# Assignment:
Please repeat exactly the lines below from the line with "BIRDCAGE_WEBSITE.jpg" to the line with "Un dibujo lineal", including both, and leave out every picture.

--- Supplied data ---

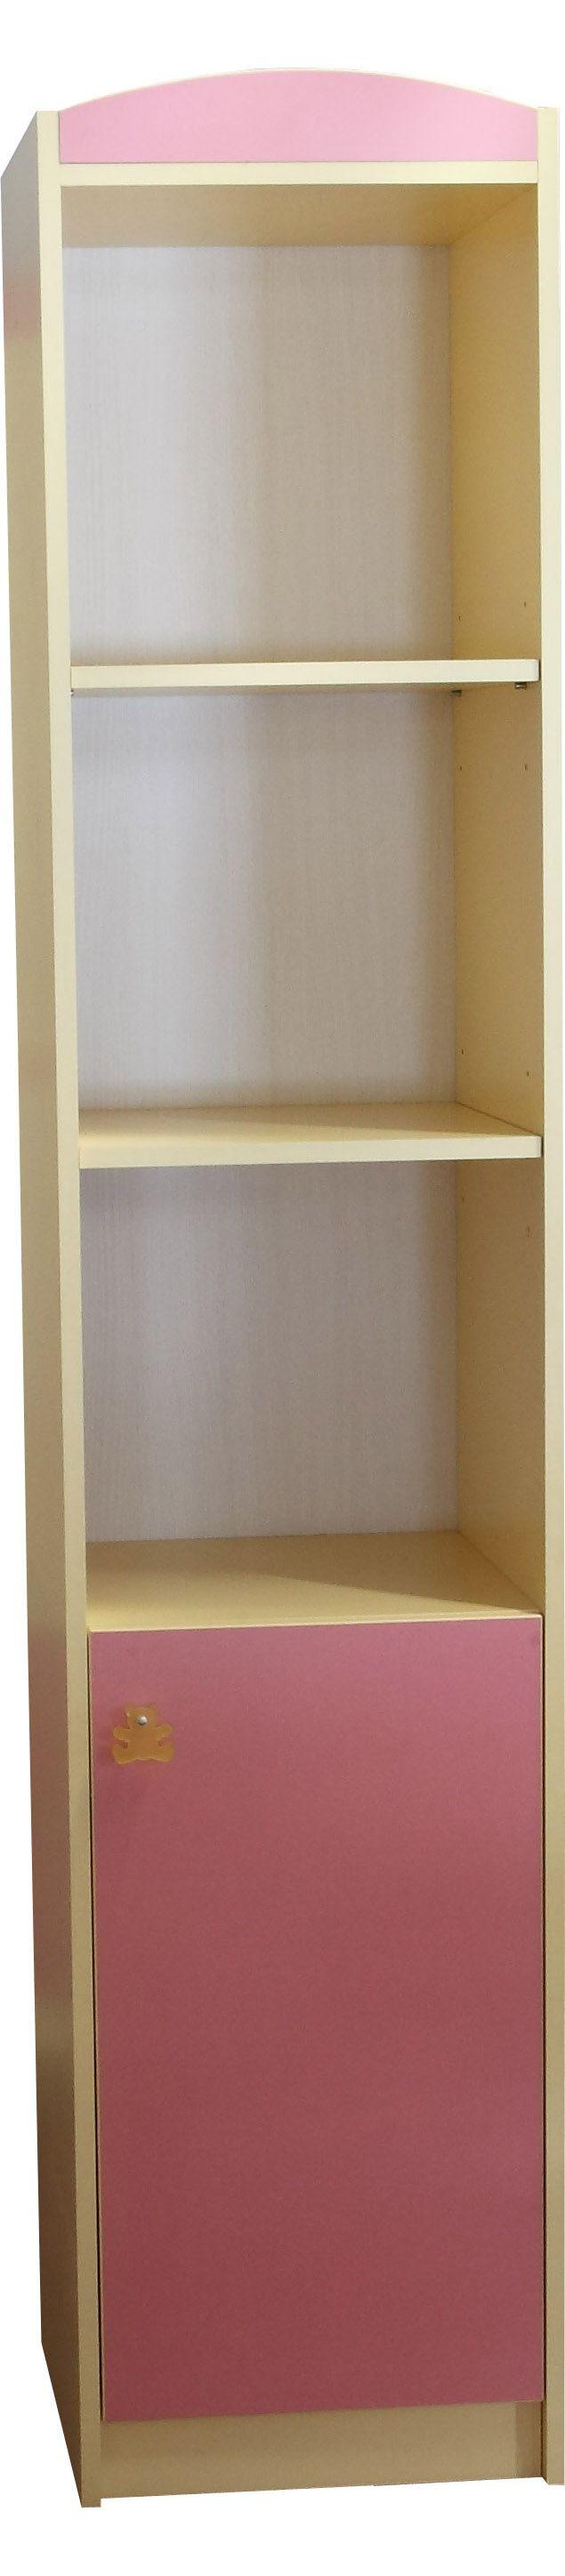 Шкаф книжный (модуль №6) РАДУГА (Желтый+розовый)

---
--- Supplied data ---

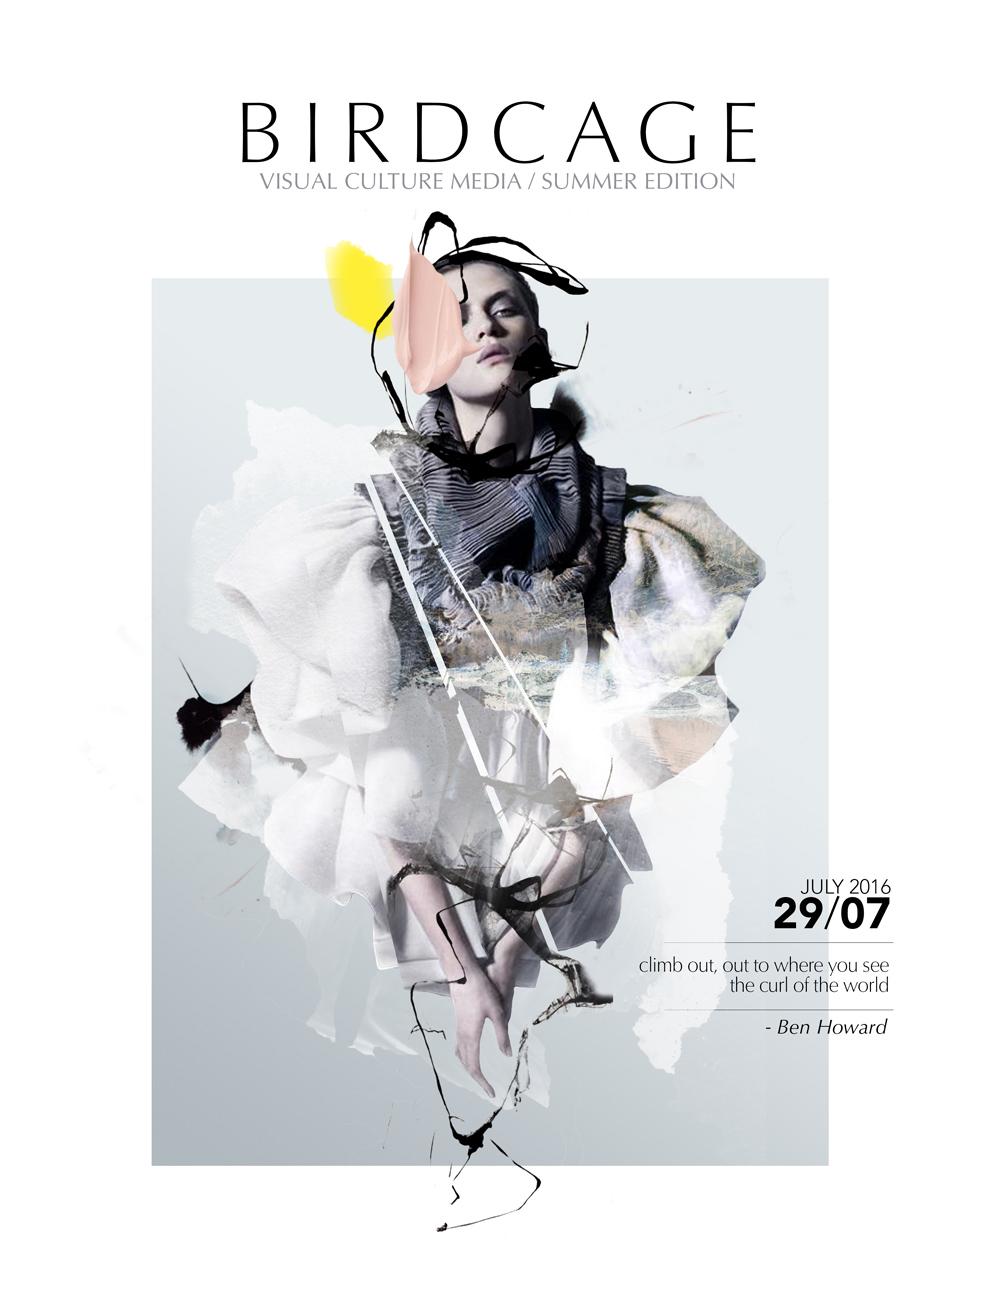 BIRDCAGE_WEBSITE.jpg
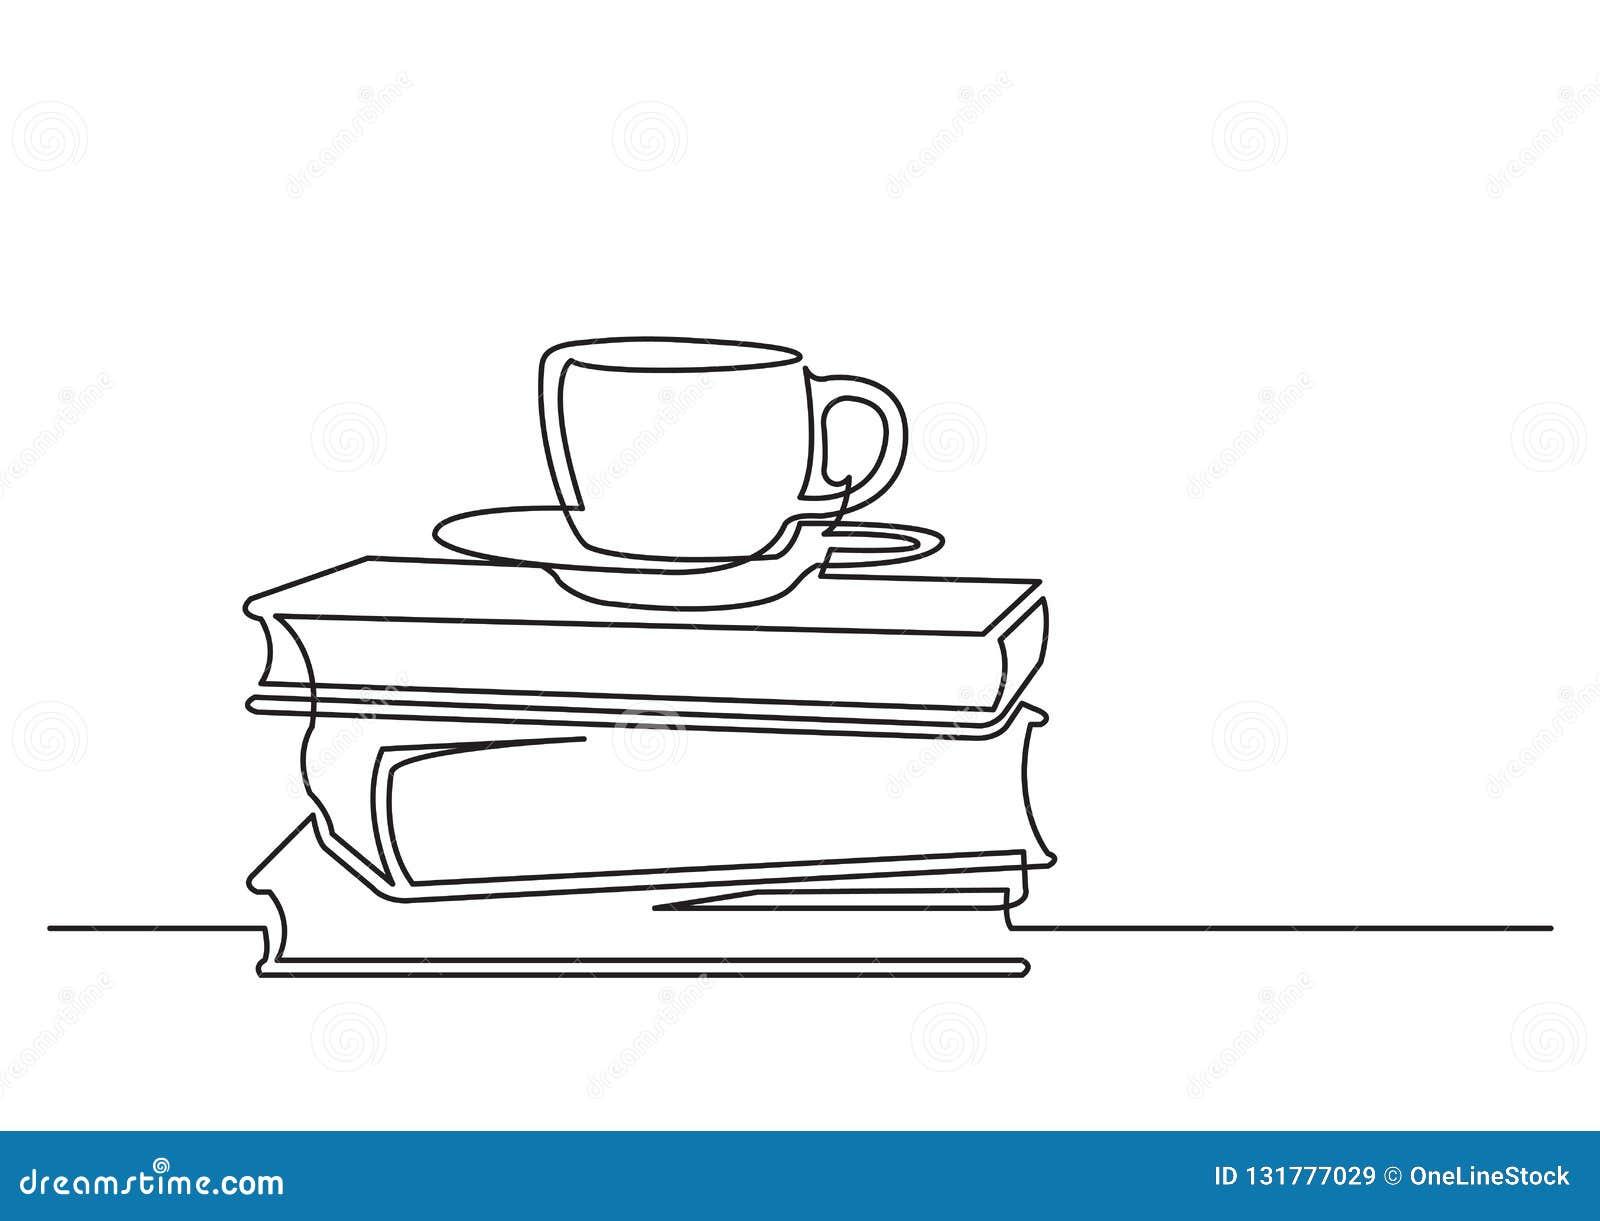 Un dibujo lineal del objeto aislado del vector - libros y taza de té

---

# Exercise result:
 BIRDCAGE_WEBSITE.jpg
 Un dibujo lineal del objeto aislado del vector - libros y taza de té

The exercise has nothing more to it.